How to Roast a Lamb

Part memoir, part instructional recipe collection, Michael Psilakis’ book is more personal and unabashedly sentimental than most cookbooks.  He describes not just his trajectory to celebrated chef from waiting tables at a T.G.I. Friday’s, where he met his wife, but offers a gushing tribute to his late father, who “taught me how to hunt, garden, fish, and how to kill and skin a goat” — and compete in Cretan dancing.

In the past decade, Psilakis has become one of the Olympians of the New York culinary world.  His upscale midtown Manhattan restaurant, Anthos, is the only Michelin-star-rated Greek restaurant in America, while his recession-proof, crowd-pleasing Upper West Side taverna, Kefi, draws hordes hungry for his souvlaki, tzatziki, and grilled octopus.  His first cookbook reflects this breadth, ranging from the healthful, convivial, Cretan-inflected family-style cooking he learned from his mother while growing up in a Greek culture bubble on Long Island, to the complex, new Greek haute cuisine he has evolved from the classics for Anthos.  Despite its carnivorous title, How to Roast a Lamb offers plenty of vegetarian dishes along with meats and fish, but — sweets lovers be warned — no desserts.
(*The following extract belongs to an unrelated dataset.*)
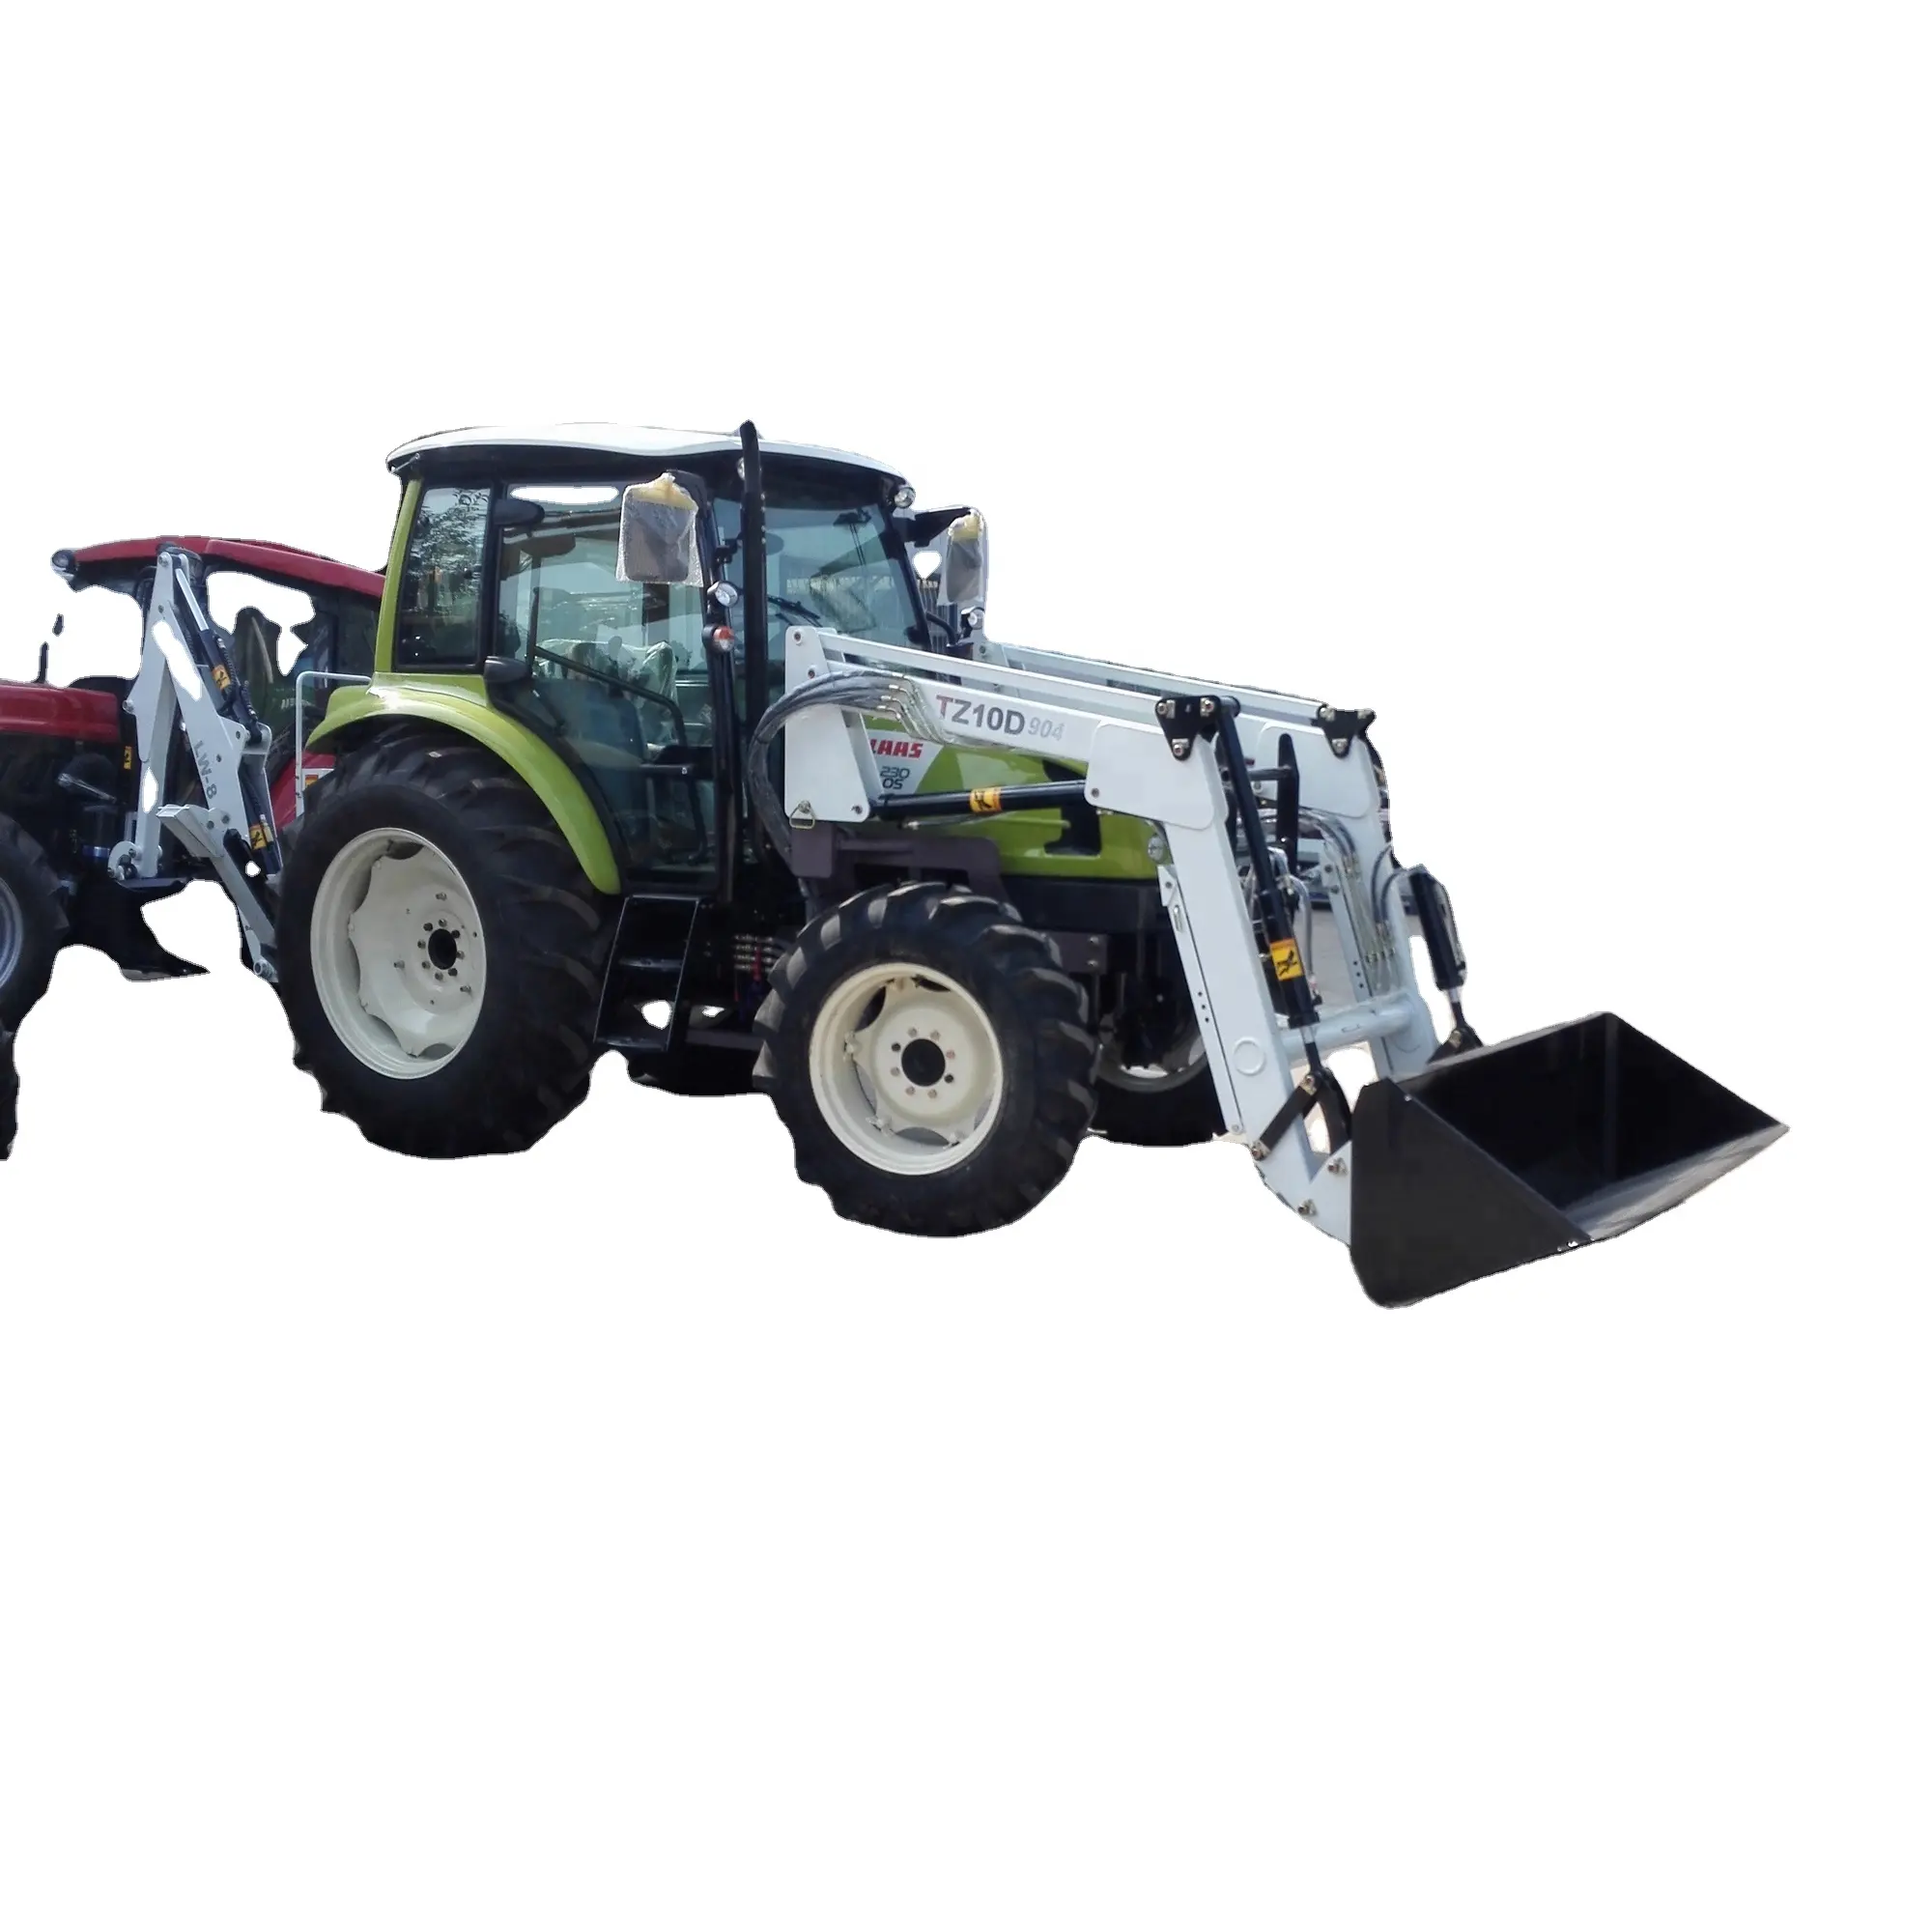 Сертификат CE, сельскохозяйственный трактор 4WD с фронтальным погрузчиком, сельскохозяйственное оборудование

Psilakis opens with down-to-earth, manageable recipes such as Artichokes and Potato or  Grilled Swordfish with Tomato-Braised Cauliflower, and builds to the more adventuresome, elaborate Anthos offerings. Poached Halibut with Cypriot Shellfish Salad, Cucumber-Yogurt Broth, and Caviar, for example, requires dozens of ingredients and multiple processes.  It’s fascinating to see what goes into these sophisticated compositions, though the Braised Quail with Fennel and Apricots is more my speed.  I only wish he’d included a recipe for his Duck Gyros with Golden Raisin Marmalade and Caramelized Onions.  Perhaps in his next book.